Not much happens on the surface of “Experimental Prototype City of Tomorrow.” Paige begins her first mission whether she’s aware of it or not, Stan begins tracking Martha and Elizabeth tries to infiltrate the life of a Korean-American Mary Kay saleswoman for reasons as yet unknown. Instead the majority of the action takes place exclusively in the characters capable, yet tortured heads.

Elizabeth, Philip and Gabriel, with an assist from Claudia, have a tremendously difficult decision to make regarding Pastor Tim. And the majority of the episode deals with the nuts and bolts of that decision. Obviously the easiest, most direct solution is to kill him. And that decision is represented by those aforementioned tickets to the happiest place on Earth: Disney World.

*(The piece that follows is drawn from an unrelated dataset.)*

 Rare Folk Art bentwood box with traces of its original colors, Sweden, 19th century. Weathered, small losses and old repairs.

Or more specifically: Epcot Center – Walt Disney’s idealistic Tomorrowland where all human cultures are represented in harmony.

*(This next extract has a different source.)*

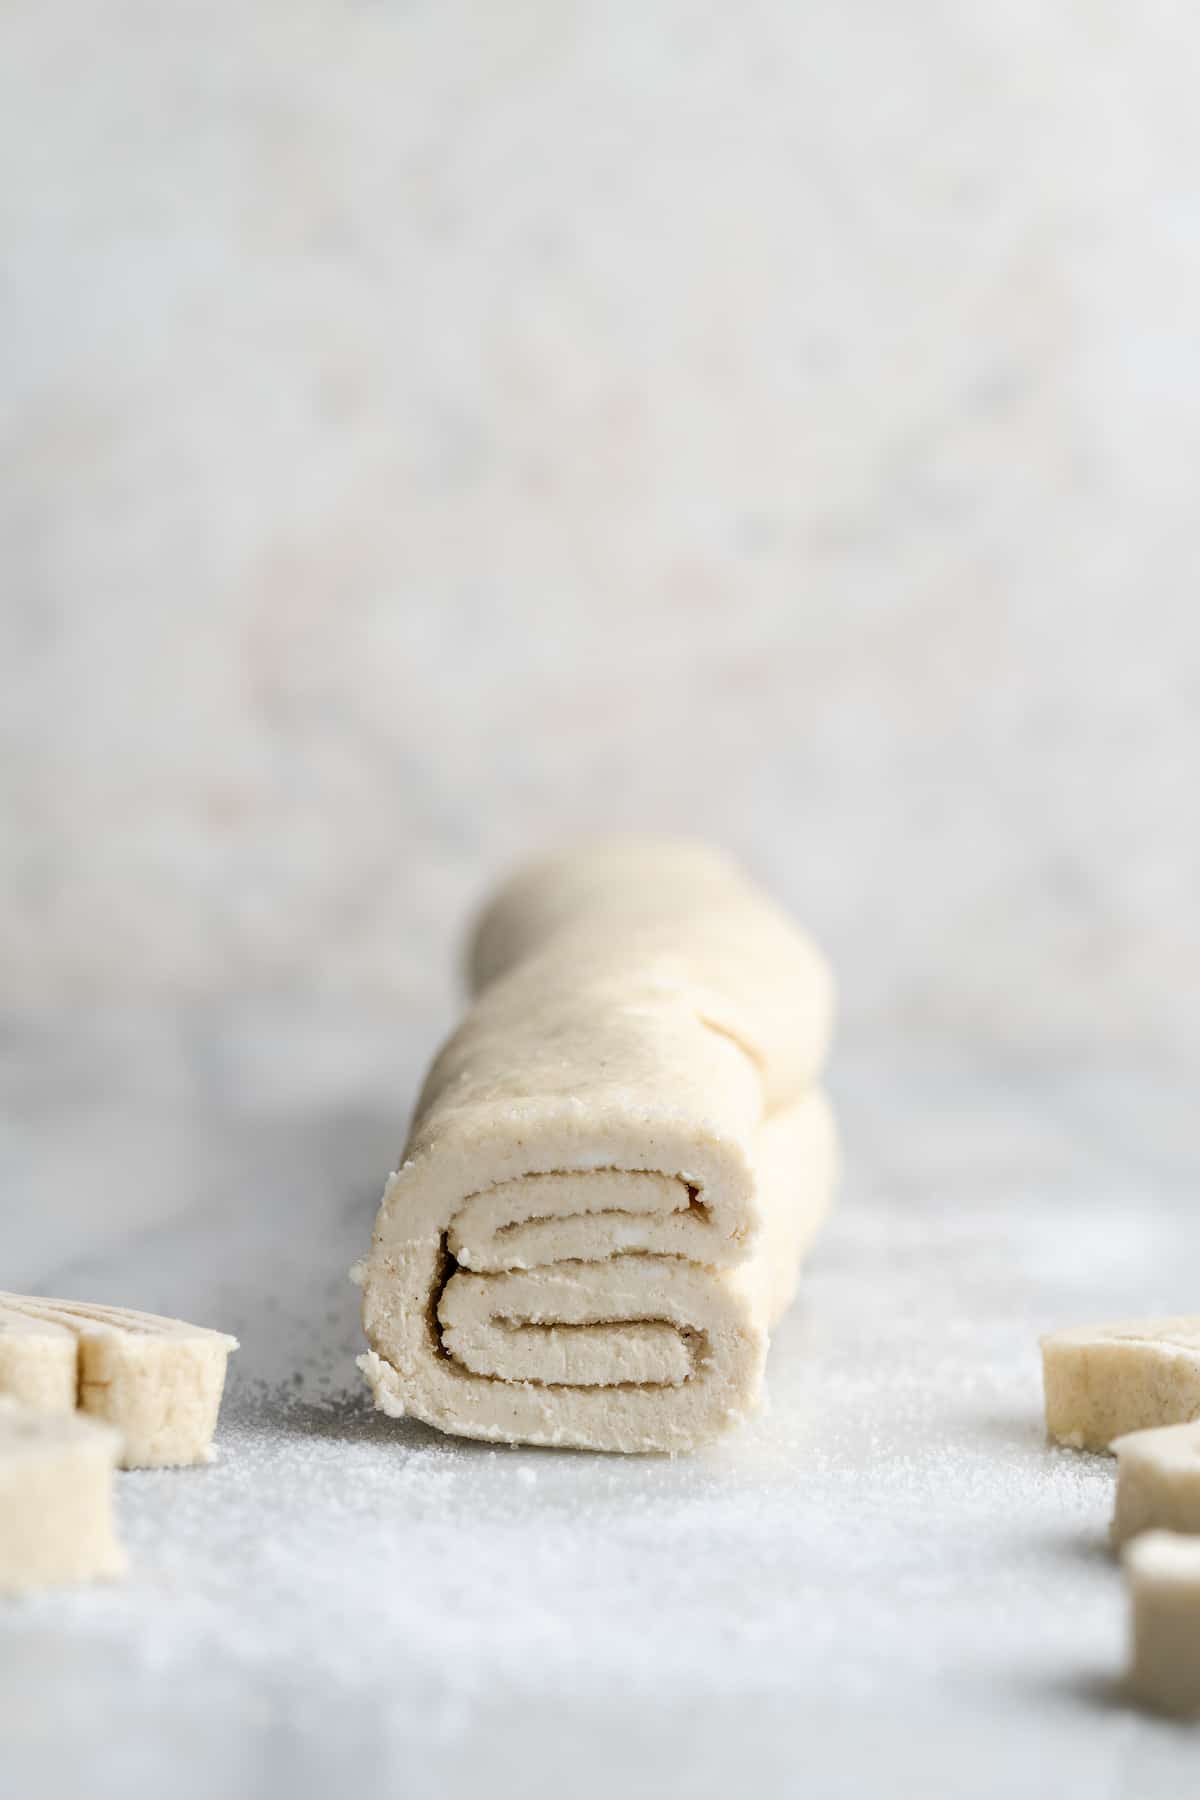 Cross section of puff pastry palmier dough folded onto itself

Epcot, which opened in October of 1982, is supposed to be a “permanent World’s Fair” – a celebration of human achievement across the globe. So of course it is perverted into a symbol of two innocent lives sacrificed into a pointless geopolitical conflict.

Elizabeth and Philip try meeting with Pastor Tim to gauge whether turning him to their cause is realistic enough that they won’t have to “go to Epcot.”

“You know. What we do isn’t so different from what you do,” Elizabeth tells him. After last episode featured a dream sequence in which Pastor Tim was killed, it is initially hard to even comprehend that what we’re seeing now is reality. But it is. Elizabeth and Philip are actually speaking openly with their daughter’s Pastor about their undercover spy identities. It’s a truly surreal moment in a show full of them.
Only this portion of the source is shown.